Is there a general identity for the infinite radicals; $$f(n)=\sqrt{n^{0}+\sqrt{n^{1}+\sqrt{n^{2}+\sqrt{n^{3}+...}}}}$$
For $n=0,1,4$ we get $f(n)=1,φ,2$ respectively (If you allow that $0^0=1)$ but will there be any other value of $n$ such that $f(n)∈ \mathbb{Z}$ or even has a closed-form expression? This is actually such an interesting nested radical, that I was unable to even find a good proof for $f(4)=2$. Most of them were reverse-engineering the radical and showing but not proving.
So is there a closed form expression for this as general or even for any other value of $m$ I missed out?

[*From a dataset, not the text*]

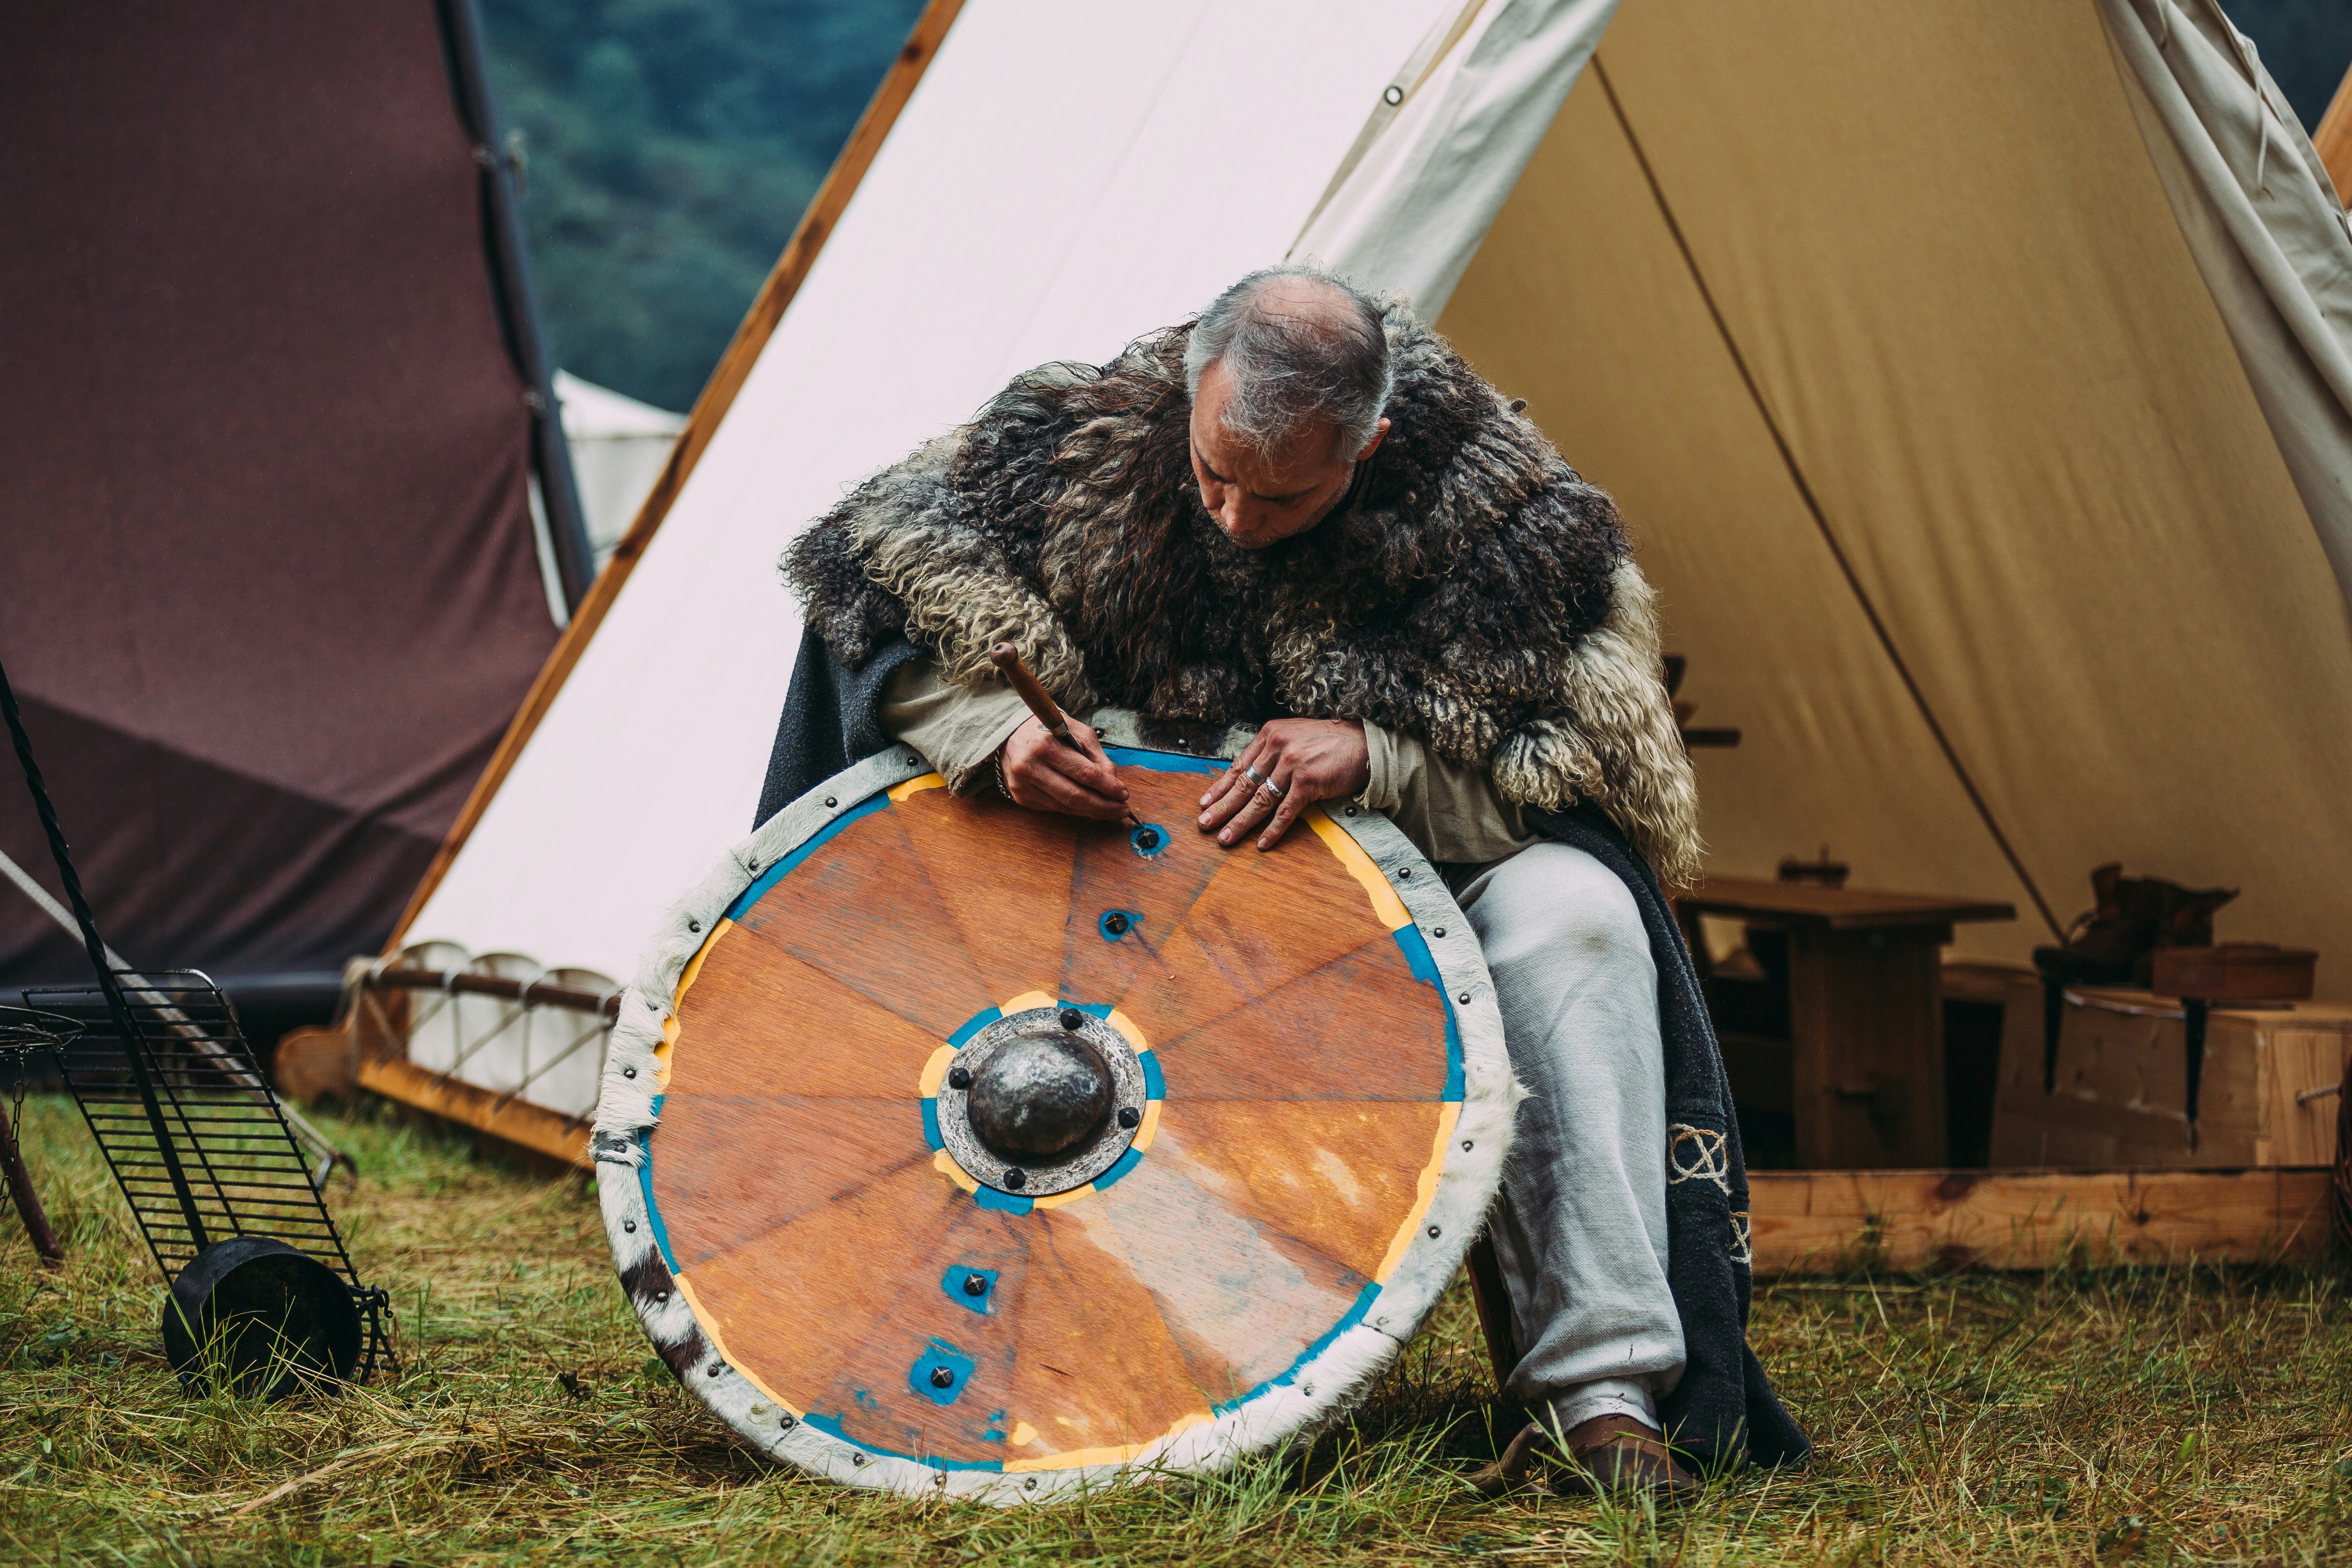 A man dressed in fur sits and leans over a traditional Viking shield

A C++ code for computing this can be given as;
#include <iostream>
#include <math.h>
using namespace std;
long double seq( unsigned long, long double, unsigned long = 0 );
int main() {
unsigned long m = 0; long double n;
cout << "Enter integer r: ";
cin >> m; cout << "Enter n: ";
cin >> n; cout << seq( m, n); return 0;
}
long double seq( unsigned long m, long double n, unsigned long i) {
return sqrt( pow(n,i)+(i==m?0:seq(m,n,i+1)) );
}
Where input $r$ means how many times you need to continue the radicals, and $n$ will be the number you want to put in.
Edit;
Maybe a trivial finding, but I also got that
$$f(n)=\sqrt{1+n^{\delta(1)}\sqrt{1+n^{\delta(2)}\sqrt{1+n^{\delta(3)}\sqrt{1+...}}}}$$
Where,
$$\delta(x)=(1-x)+\frac{1}{2x}$$
You are studying the limit of nested radicals of the form
$$a_{k} = \sqrt {x^0 + \sqrt{x^1+\cdots +\sqrt{x^k}}}$$
There is a theorem by Herschfeld (On infinite radicals, 1935) that shows $a_k$ converges if and only if the sequence
$$F_k := (x^k)^{1/2^k} = x^{k/2^k}$$
is bounded. This happens for every $x\in \mathbb{N}$.
In the article by Herschfeld there are several results on nested radicals (including the case for $x=n^2$ which comprises your request $x=4$) of this form but also of the "left-hand" form
$$u_k = \sqrt{a_k + \sqrt{a_{k-1}+\ldots +\sqrt{a_0}}}$$
of which the author is able to calculate the general limit in terms of the limit of sequence $\{a_k\}$.